Hello Biostars Community,

I am trying to map NextSeq reads to a reference genome to create an assembly that I can use for variant analysis, but I am having some troubles getting my raw data figured out.

My data is coming from a NextSeq PE run, and when I download the fastq files from BaseSpace I get 8 files total; The filenaming is leading me to believe that data from each lane is being separated:

genome_S1_L001_R1_001.fastq.gz
genome_S1_L001_R2_001.fastq.gz
genome_S1_L002_R1_001.fastq.gz
genome_S1_L002_R2_001.fastq.gz
genome_S1_L003_R1_001.fastq.gz
genome_S1_L003_R2_001.fastq.gz
genome_S1_L004_R1_001.fastq.gz
genome_S1_L004_R2_001.fastq.gz

I would like to use the Map with BWA tool in galaxy, but I can't get the tool to accept the data in this format. In the past I've had simple _f and _r reads that have behaved nicely in my workflows so this is throwing me for a loop. Any suggestions for tools to convert this type of data for an easier analysis?

Thanks for your help!

I can only speculate but it is possible that the data file were trimmed individually (R1 alone, R2 alone) which led to reads getting out of sync in R1/R2 files.

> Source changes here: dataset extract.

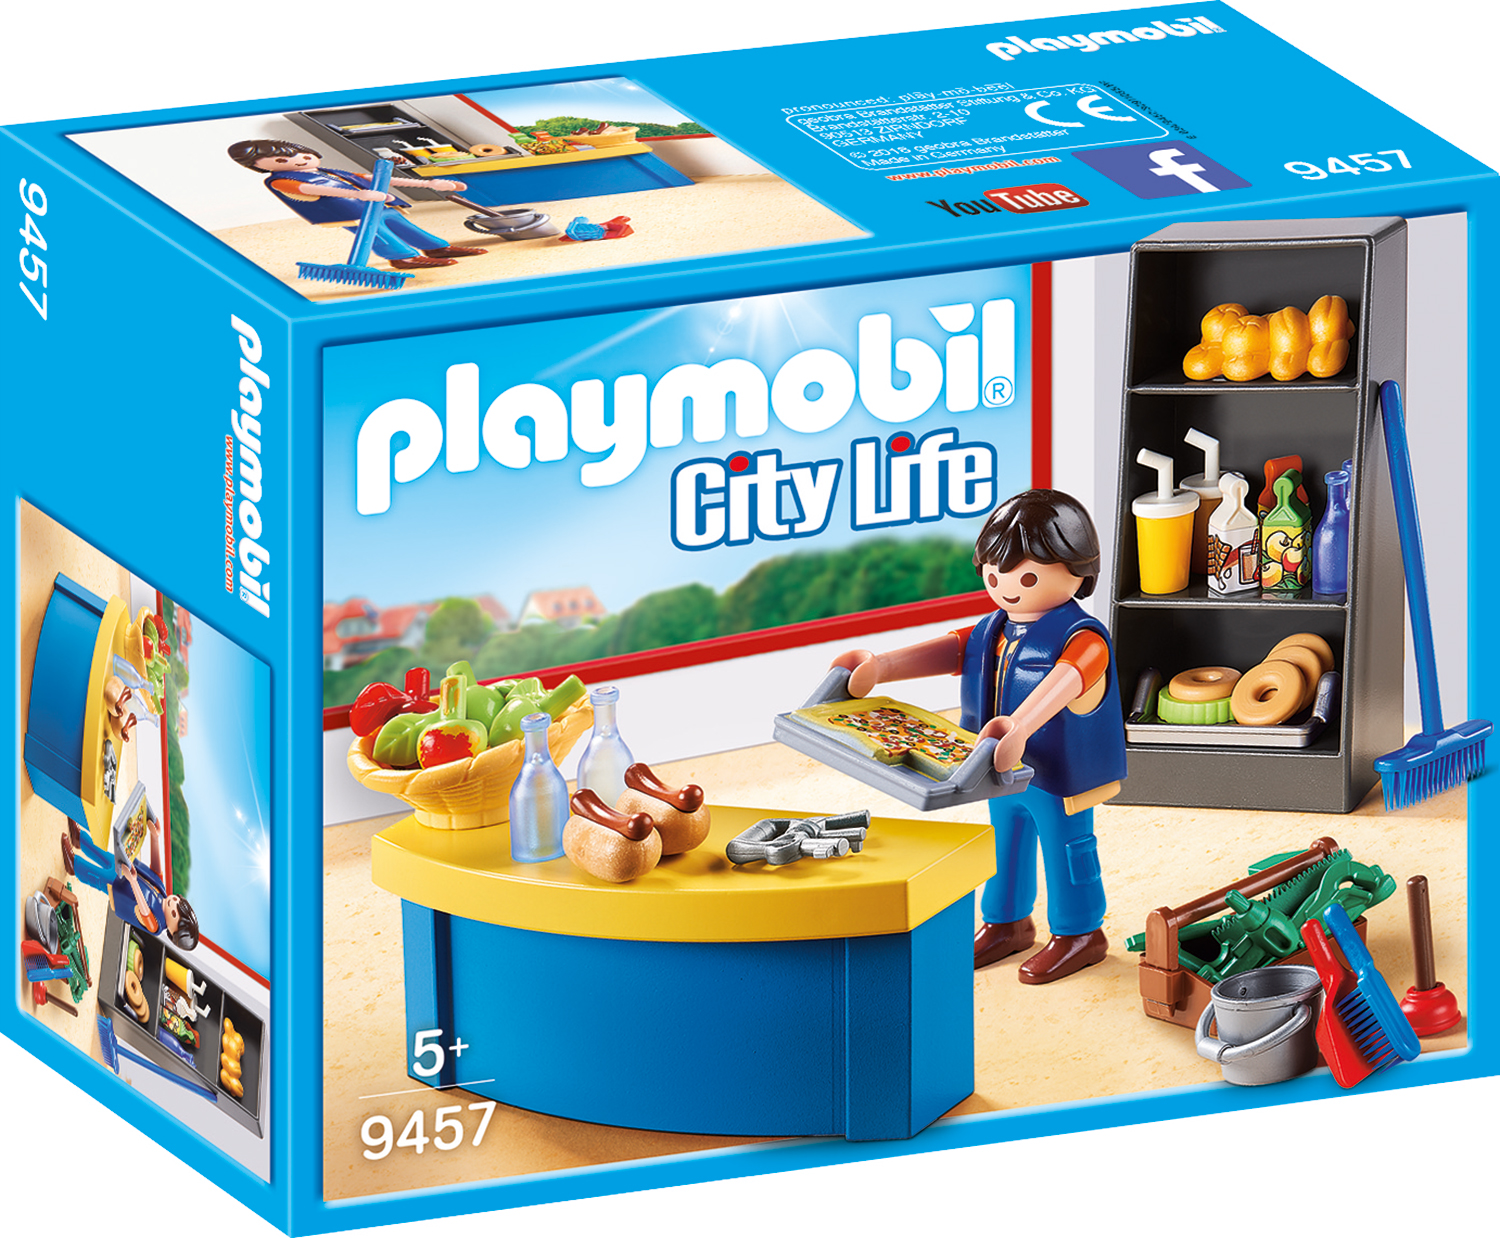 Ingrijitor si chiosc Playmobil City Life
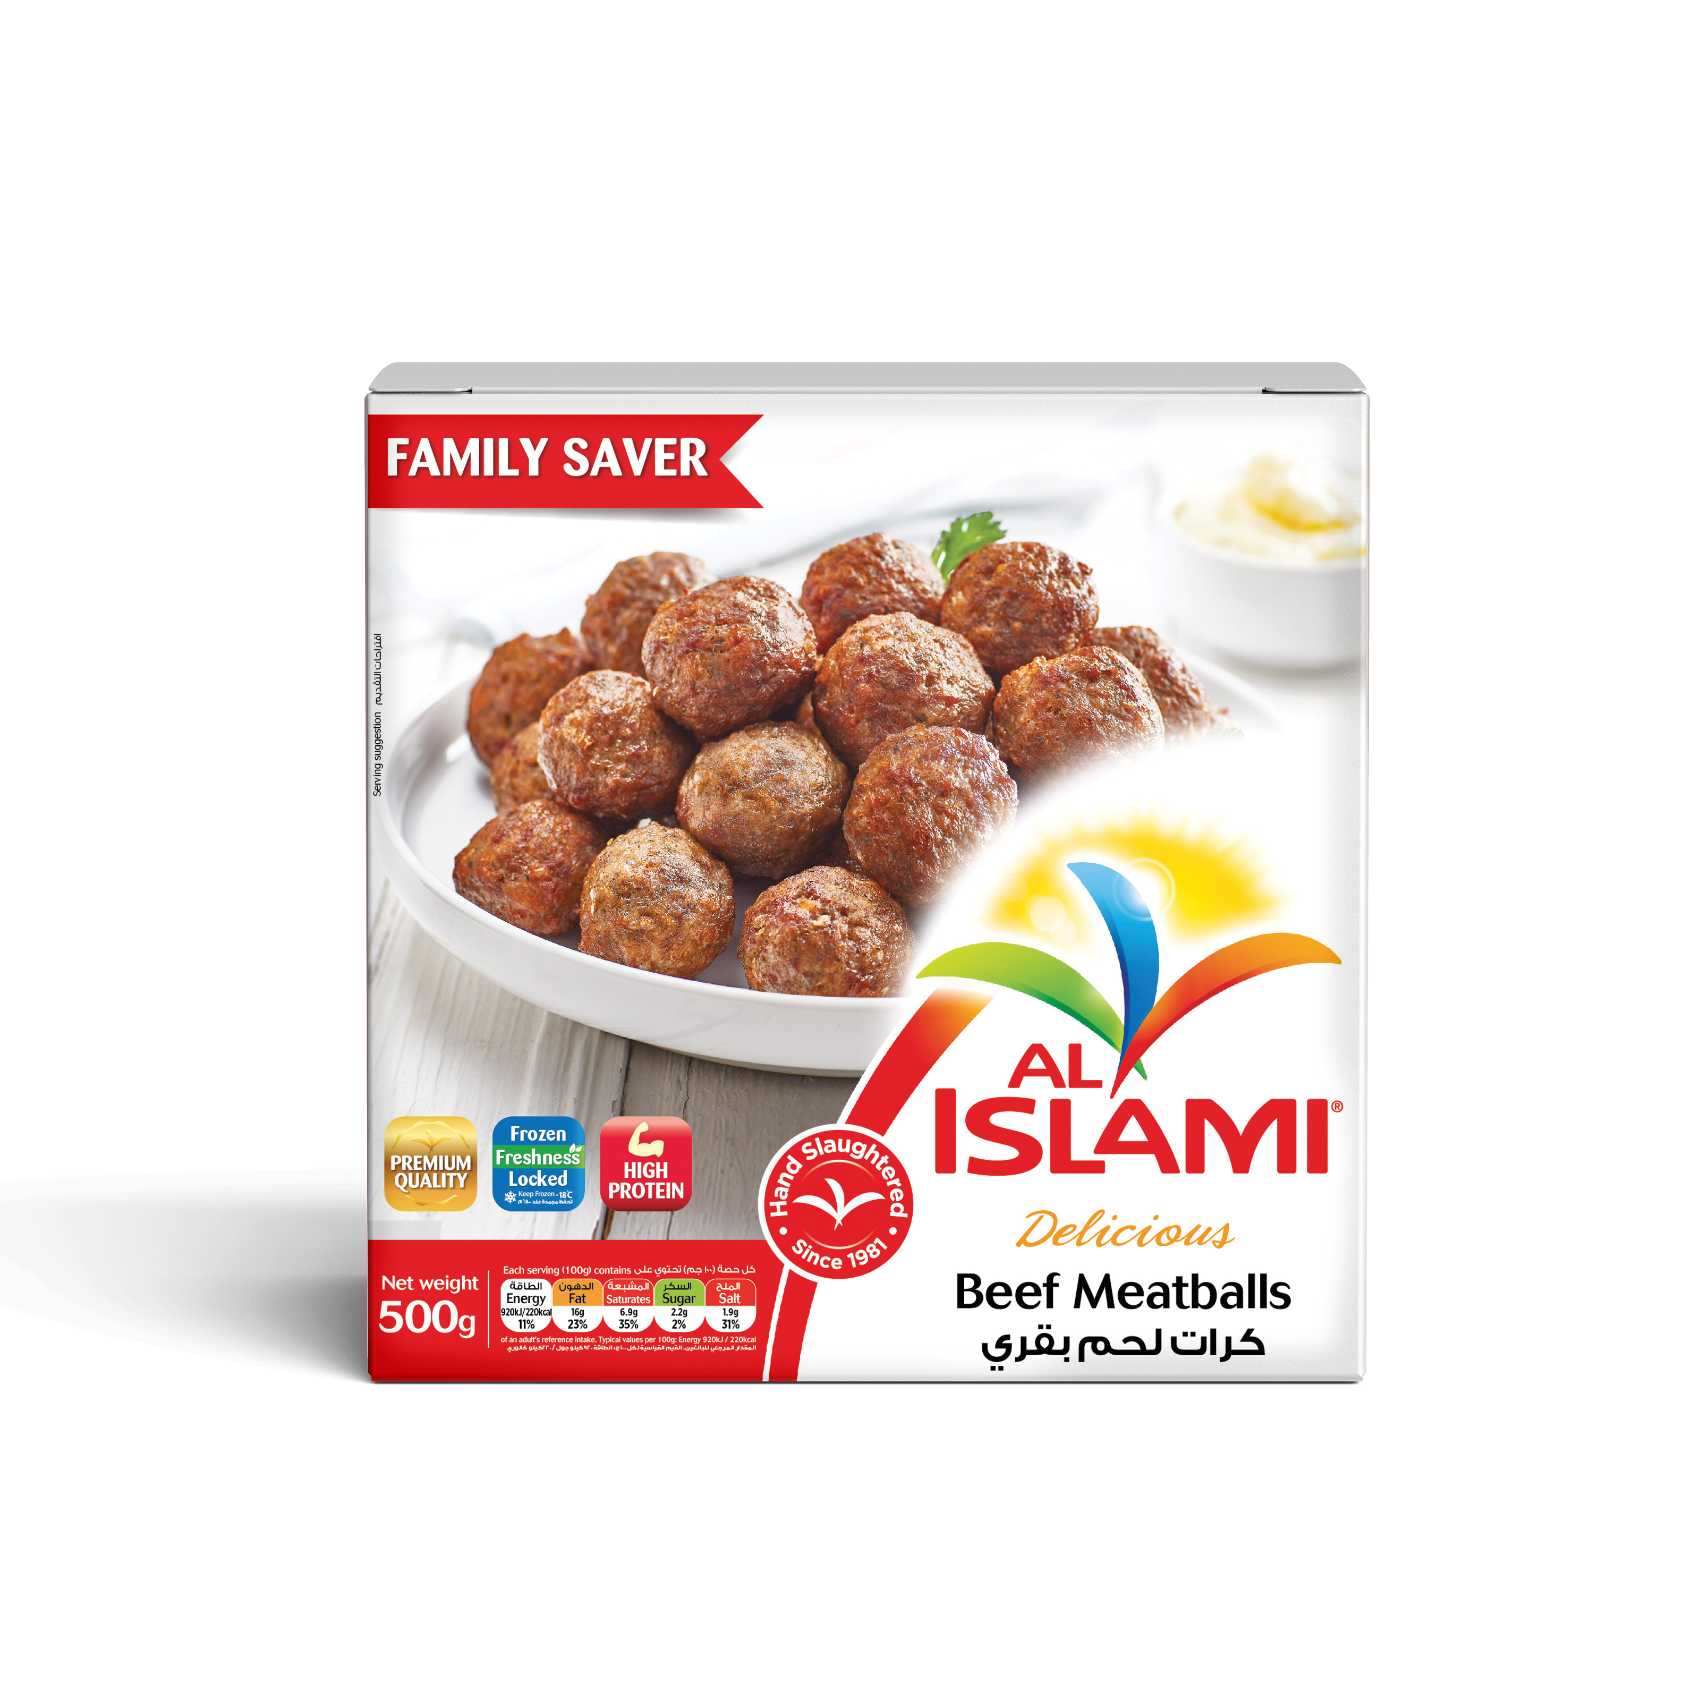 Al Islami Beef Meatballs 500g

If you did the trimming yourself then you need to go back to the original files and redo the trimming with R1/R2 file together for each lane. This way if a read is removed from R1 or R2 file its mate is also removed from other file maintaining the sync on rest of the reads.

If you did not trim the data yourself then ask your sequencing provider.